Serum anti-HMPV IgG titers

1% BSA diluted serum, 1:200; 1:400; 1:800; 1:1,600 up to 1:102,400; HMPV virus coated ELISA plate, 100 μl/well, overnight at 4°C; blocking solution (3% BSA) blocked for 90 min; diluted serum incubate for 1 h; dilute HRP-labeled sheep anti-mouse IgG with 1% BSA at 4000-fold dilution, incubate for 1 h; 2 M H2SO4 to terminate the color development; The absorbance values of the reaction wells were measured by Synergy H4 ELISA at 450 nm, results were analyzed using GraphPad Prism 6.0 statistical software.
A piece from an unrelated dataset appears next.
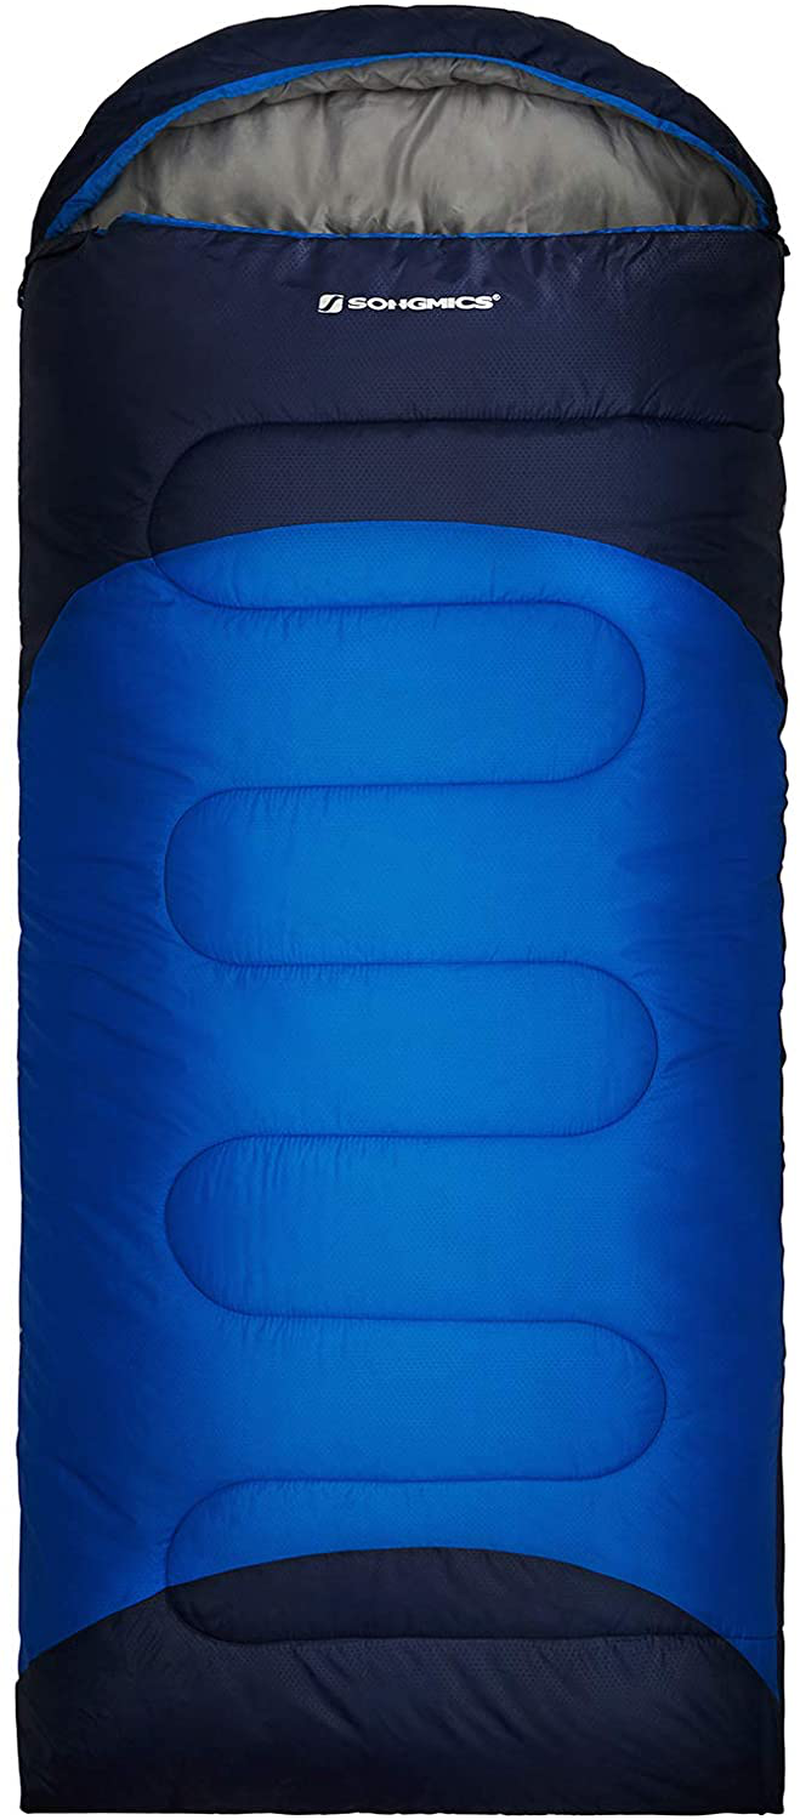 SONGMICS Camping Sleeping Bag for Adults Teens, Backpacking Hiking Traveling, Warm and Cold Weather 3 Seasons, Compact Lightweight Waterproof, Indoor and Outdoor, with Compression Sack

Mucosal anti-HMPV sIgA titers

As above, the primary antibody was lung lavage solution with 1% BSA to dilute the sample from 2-fold ratio; the secondary antibody was HRP-labeled sheep anti-mouse sIgA at 4,000-fold dilution with 1% BSA.

Flow cytometric assay

Day 14 after the booster immunization, three mouse spleens were taken from each group, separated and diluted to 2 × 105/ml splenic lymphocyte suspension with 5 ml mouse splenic lymphocyte isolate; stimulating solution (200 μl saline + 0.5 μl stimulating agent + 15.87 μl HMPV), stimulated at 37°C for 6 h. CD4-FITC extracellular antibodies incubated cells in dark for 30 min at 37°C; fixative solution labeled cells for 20 min in dark; intracellular antibodies against TNF-α (APC), IFN-γ (PE), IL-2 (BV421), IL-4 (PE/CY7) labeled for 40 min in dark; washed with 1 × PB and centrifuge at 8000 rmp for 1 min, resuspended cell precipitate with 1 × PB, pended BD Flow cytometry assay.

Wild-type virus challenge

All groups were infected with 15 LD50/ml A/China/BJMY011/2020 (H1N1) and 106 PFU/mL HMPV-BJ1812 via nasal drip(30 μl/mice) at 2 weeks after the booster immunization in two groups per group (The PBS group was divided into three groups), under isoflurane anesthesia. The mice were observed for changes in body weight and the presence or absence of respiratory symptoms. On day 4 after influenza virus infection and day 6 after HMPV infection, three mice from each group were executed and left lung tissue was taken for viral load determination and right lung tissue was taken for pathological examination. The survival rate and weight change of the other 6 mice in each group were observed for 14 days.

Viral titers

Influenza virus load in lung tissues were detected by TCID50 assay. Three mice of A/China/BJMY011/2020 (H1N1) strain challenge group were dissected after alcohol disinfection, and left lung tissues were extracted, ground by adding DMEM medium, centrifuged, and the supernatant was filtered through a 0.2 μm bacterial filter to remove bacteria, and the filtrate was collected for virus TCID50 assay.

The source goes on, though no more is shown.